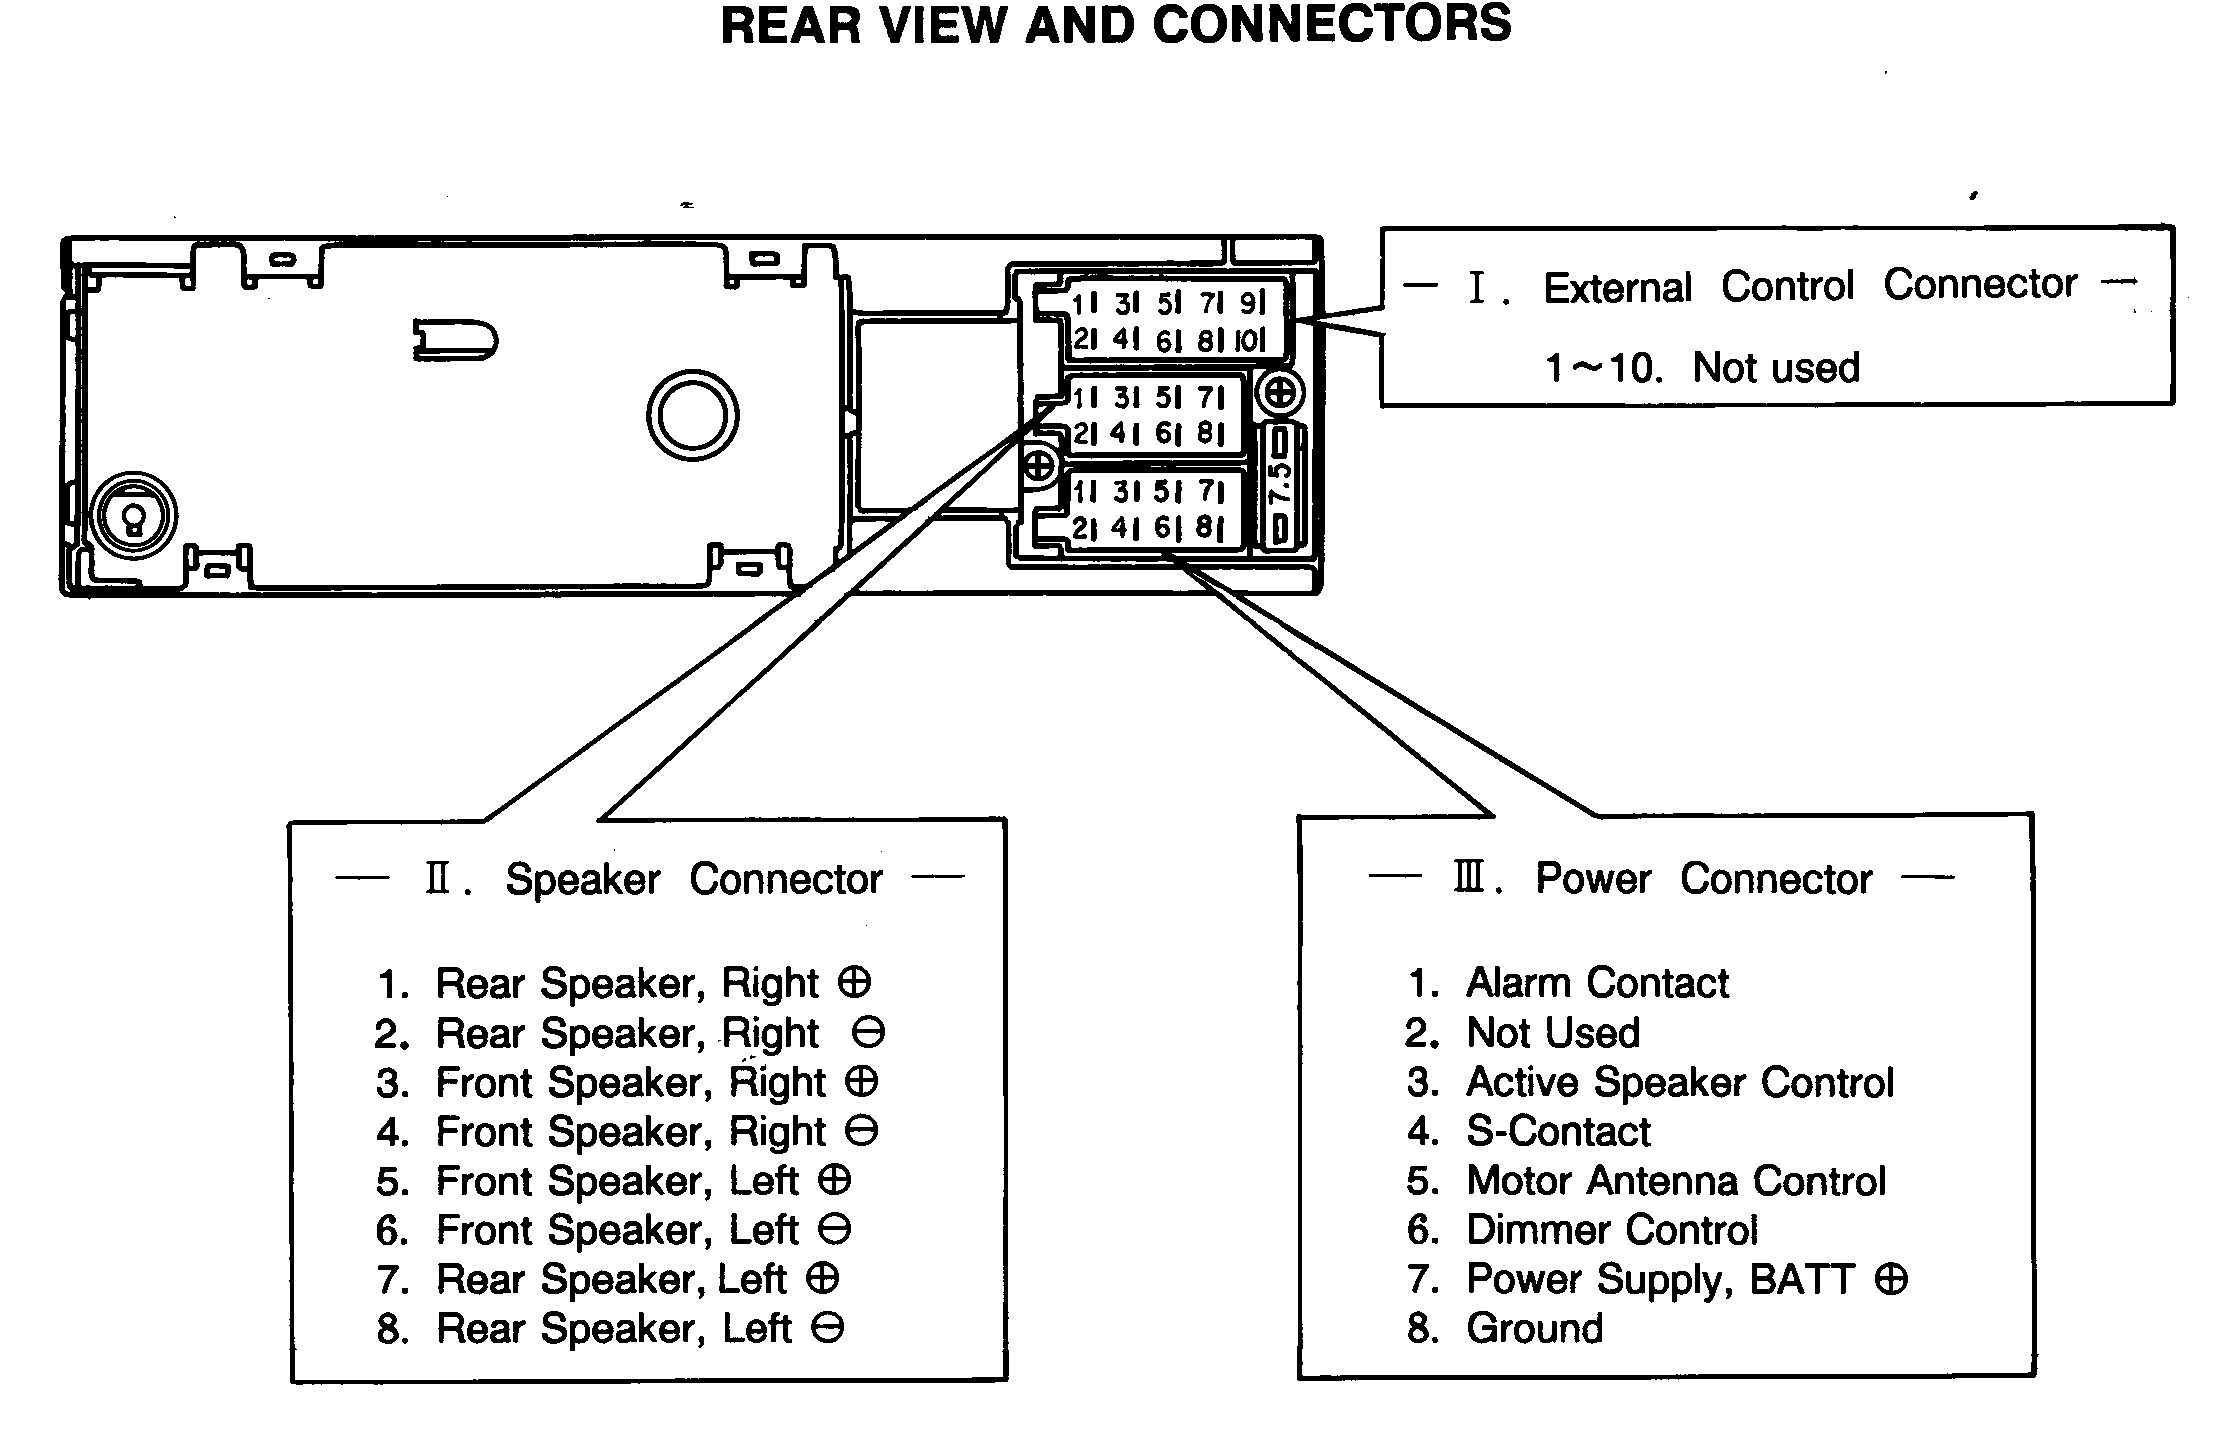 [QMVU_8575]  XK_5895] 1993 Nissan Sentra Radio Wiring Diagram Schematic Wiring | 1993 Nissan Sentra Radio Wiring Diagram |  | Awni Odga Elae Rect Omit Kargi Hone Puti Ixtu Nowa Orsal Emba  Mohammedshrine Librar Wiring 101
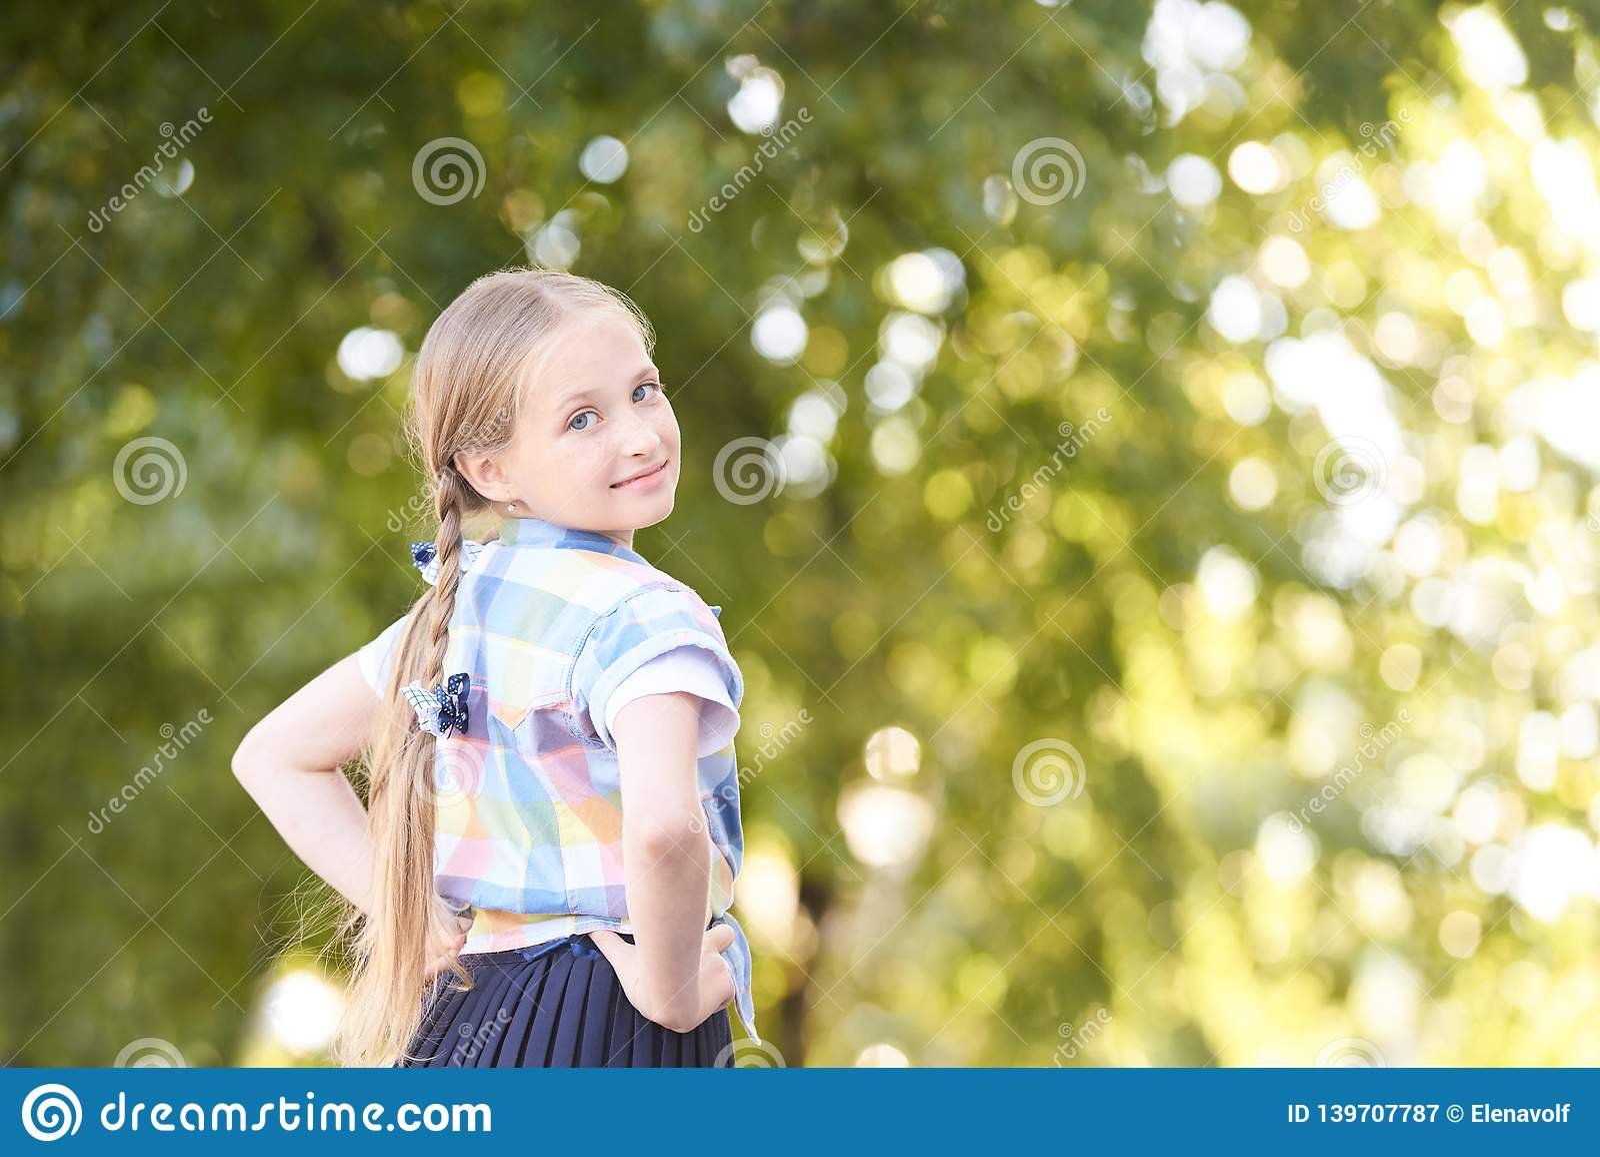 Little girl in green sunny forest along. Fun schoolgirl outside. Selective focus
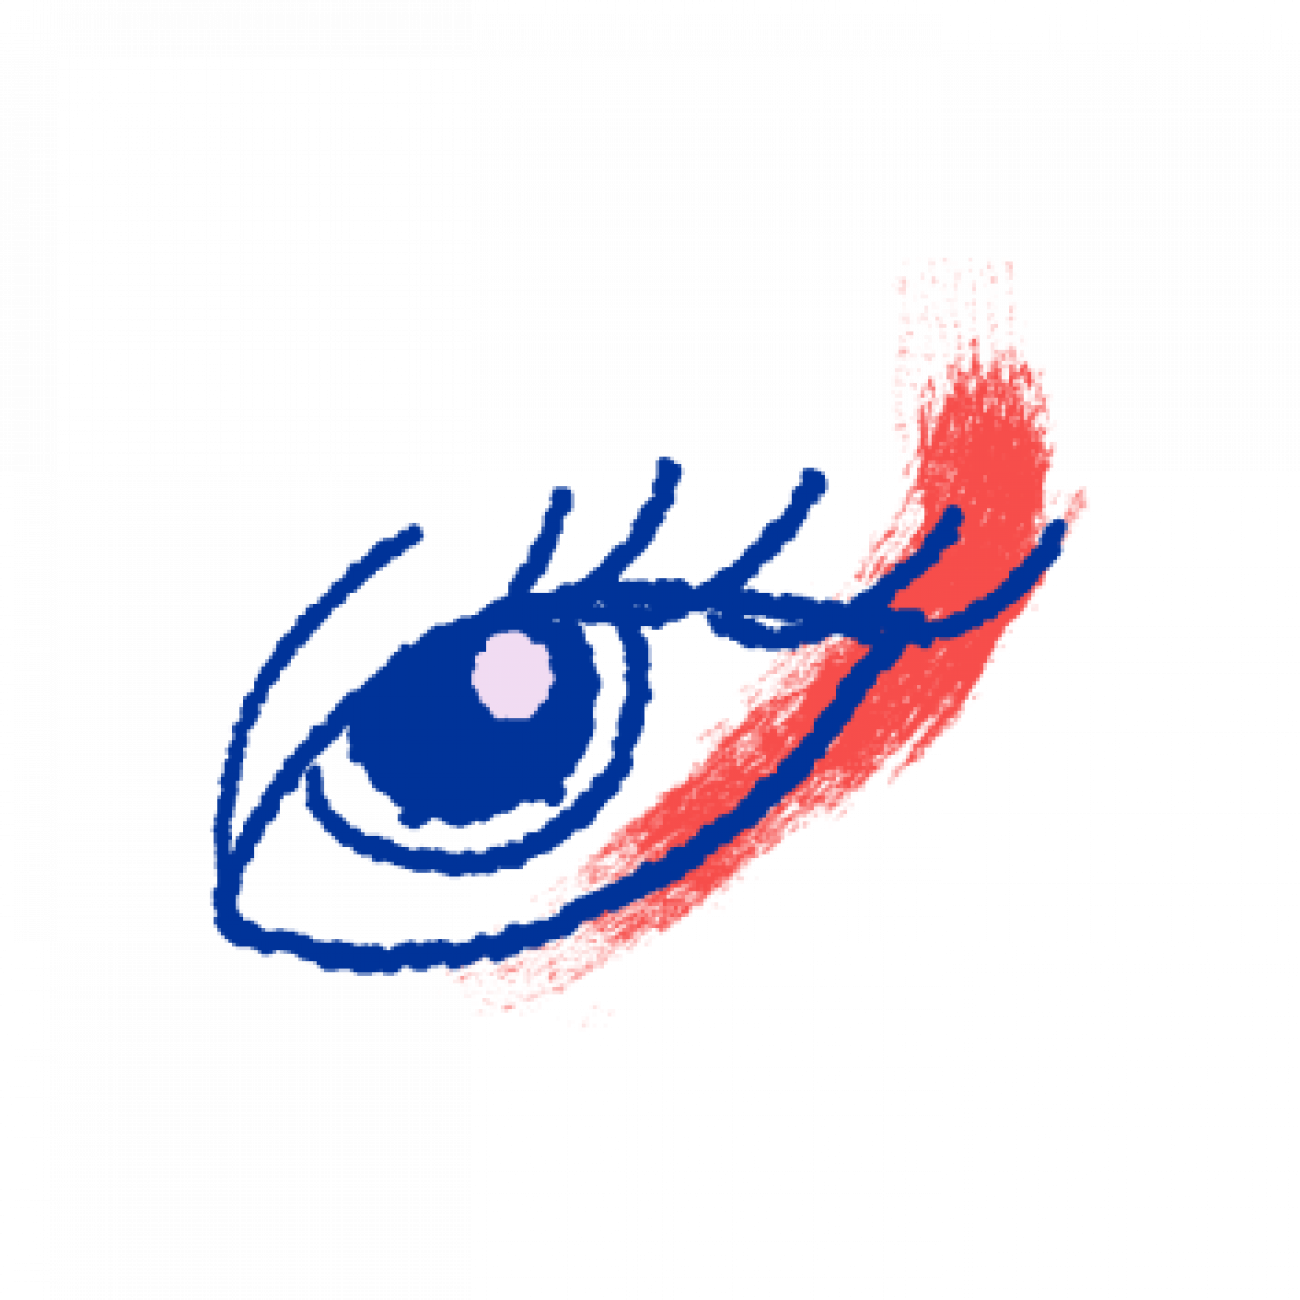 MOTIF_OEIL
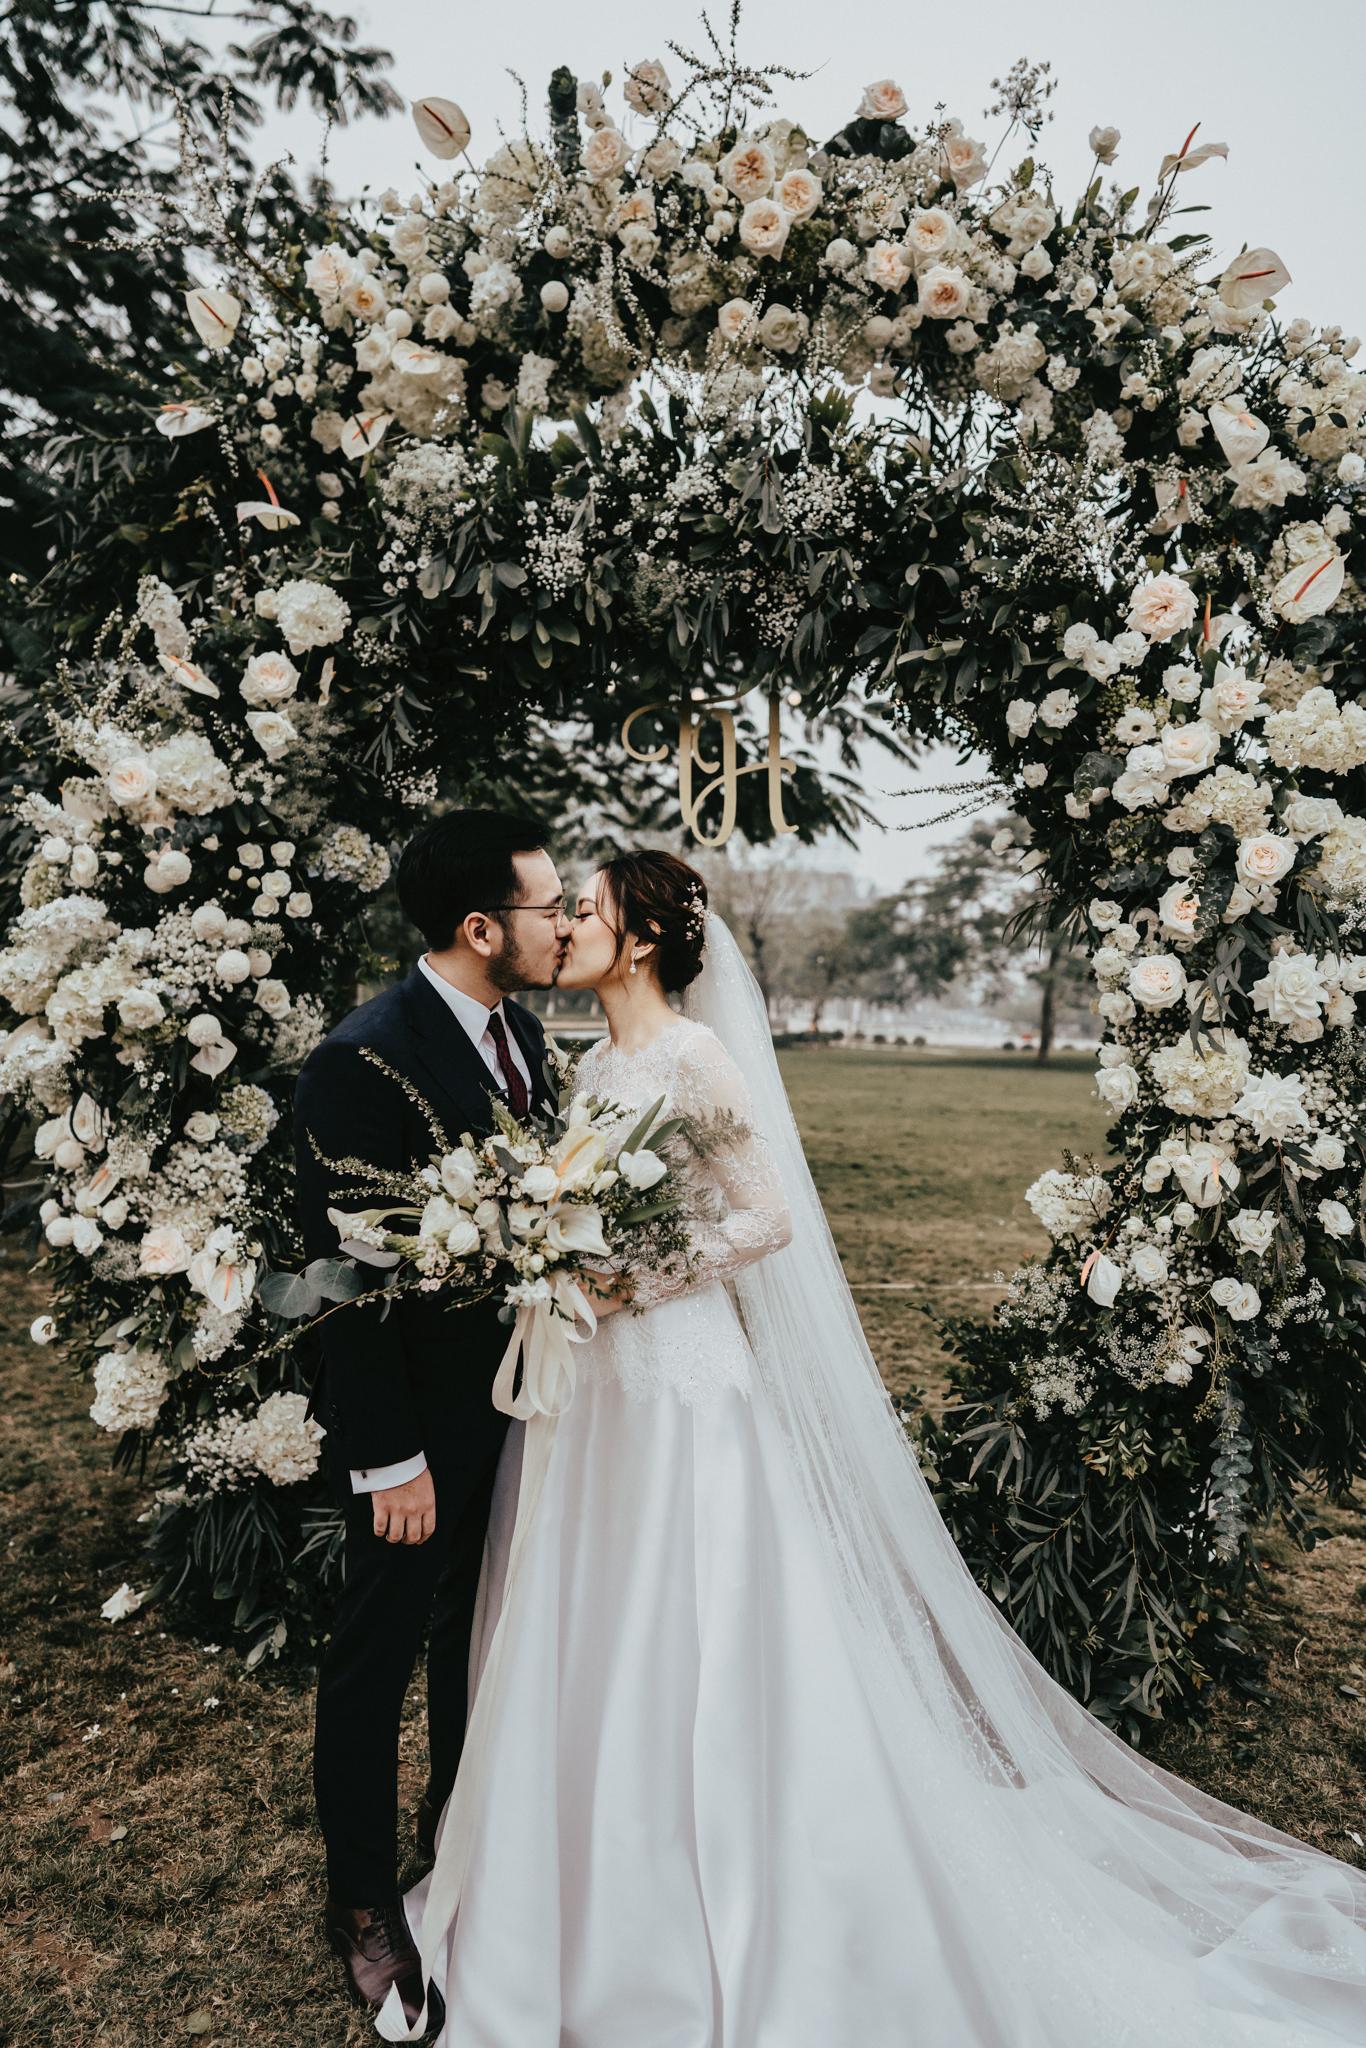 JWMarriott Ha Noi Intimate Wedding of Trang Hi well captured by Hipster Wedding Vietnam Wedding Photographer-35997.jpg

-*-*-

■ **Aim of the exercise**
What is needed is the data above, retyped exactly, with every picture left out.

■ **Response**
 [QMVU_8575]  XK_5895] 1993 Nissan Sentra Radio Wiring Diagram Schematic Wiring | 1993 Nissan Sentra Radio Wiring Diagram |  | Awni Odga Elae Rect Omit Kargi Hone Puti Ixtu Nowa Orsal Emba  Mohammedshrine Librar Wiring 101
 Little girl in green sunny forest along. Fun schoolgirl outside. Selective focus
 MOTIF_OEIL
 JWMarriott Ha Noi Intimate Wedding of Trang Hi well captured by Hipster Wedding Vietnam Wedding Photographer-35997.jpg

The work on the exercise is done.